CLINICAL SIGNIFICANCE OF HSIL
HSIL lesions are asymptomatic and invisible to unaided visual examination. In 1990, 70,000 cases of HSIL were treated in the United States. The incidence of HSIL appears to be increasing. The modal age at diagnosis has decreased from 35 in the 1960s to 25 in the 1990s. These are worrisome trends. HSIL lesions have significant malignant potential. It is estimated that 30 to 50% of HSIL lesions will progress to invasive disease if left untreated. Moderate dysplasia (CIN2) lesions exhibit progression and spontaneous regression rates intermediate to those of mild and severe dysplasia. Spontaneous regression may occur in up to 40% of CIN2 lesions. Nonetheless, HSIL lesions diagnosed by histopathology are treated because of their malignant potential. The 2001 ASCCP Consensus Guidelines do allow for the close follow-up of small CIN2 lesions in adolescents. This carries with it serious risk if the patient is noncompliant to follow-up.
VIROLOGY OF HSIL
HSIL is strongly associated with oncogenic (high-risk) types of human papillomaviruses (HPV). Infection with high-risk HPV (hrHPV) is essential to the development of cervical cancer. Such infection is very common in the general population and is asymptomatic and not apparent without special means of detection (subclinical infection). Low-risk, warty infections are productive of new viral particles and therefore demonstrate cytopathic HPV effects (koilocytosis) typical of LSIL. However, in HSIL, HPV infection is not productive and is instead transforming, with oncogenic HPV becoming integrated into host DNA. The cytopathic effects seen in LSIL lesions are less pronounced or absent in HSIL cytology and histology. Integration of the HPV DNA into the host (human) DNA leads to the over-expression of the viral E6 and E7 genes. This interferes with the function of host tumor suppressor gene products. This can lead to the development of cervical neoplasia. HSIL lesions are usually monoclonal. Their infectivity, as compared with low-risk, productive HPV infections, is uncertain.

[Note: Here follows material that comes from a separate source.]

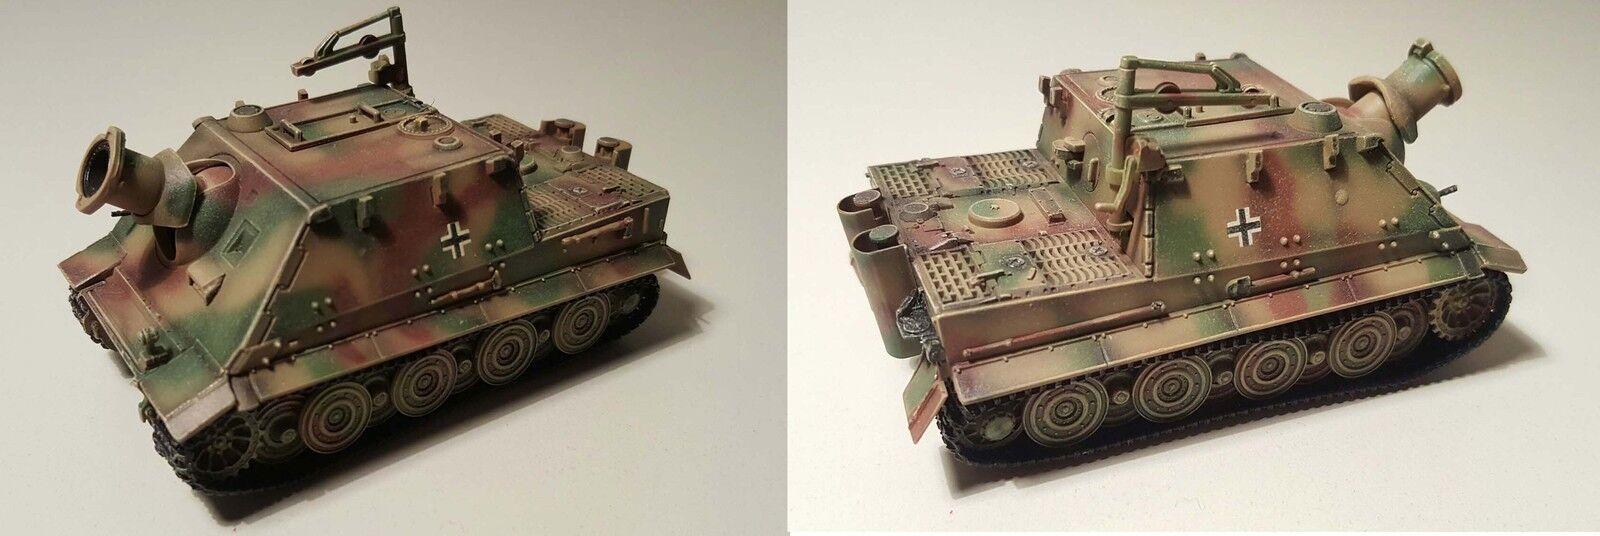 DRAGON ARMOR 1 72 Sturmtiger, 1001st Sturmmorser Kompanie, Germany 1945 60026

HSIL AND CYTOLOGIC SCREENING
- The cytologic diagnosis of HSIL is more frequent with liquid-based cytology. This suggests, but does not prove, that liquid-based cytology may be more sensitive for HSIL than conventional smears. Nonetheless, conventional smears remain an acceptable and effective technique for cervical cancer screening.
- HPV DNA testing is of no use for Pap smears read as HSIL since over 90% are hrHPV DNA positive.
- Due to the significant false-negative rate of a single Pap smear, cytology should not be relied upon or delay the evaluation of a patient whose history and / or physical exam are suspicious for cervical cancer.
- Relatively small cells
- Abnormal cells may be isolated or in groups
- Round or oval cells with nuclear pleomorphism
- Hyperchromatic, granular chromatin
- Denser, thin rim of basophilic cytoplasm
HSIL SITE AND TOPOGRAPHY
- HSIL lesions are usually within the transformation zone; the most severe disease is found at the most proximal (cephalad) extent of lesion.
- May extend into endocervical canal
- Usually single lesions
- May be located alongside or within low-grade lesions
- Size of lesions variable but tends to correlate with severity of disease and risk of occult invasion
- Size of lesion correlates with risk of treatment failure
Normal Saline and Green Light Filter: Colposcopy of HSIL cytology should start with the application of normal saline to remove mucous, and allow visualization of any obvious findings indicative of invasive cancer such as erosion, surface contour abnormality, leukoplakia, or exophytic lesions. The prominent, abnormal vascular patterns of HSIL and cancer can be more visible before the application of acetic acid and should be looked for with the aide of a red-free (green) filter.
Acetic Acid and Lugol’s Iodine: The next step is the application of 3 to 5% acetic acid to the cervix. This should be done in a manner without abrading the surface epithelium, as HSIL lesions can detach from the underlying stroma relatively easily and peel away. Lesion margins, color, and vascular patterns are then assessed and graded, with biopsies taken from the areas that are judges as the most severe. The application of Lugol’s iodine is optional. It may help determine the most abnormal area if there is extensive disease, or assist in locating a lesion when none is apparent after the application of acetic acid.
The following descriptions refer to the colposcopic appearance of HSIL lesions after the application of acetic acid.
- Sharply demarcated lesion edges, often with very straight contours; lack the geographic, feathered, or indistinct margins of LSIL.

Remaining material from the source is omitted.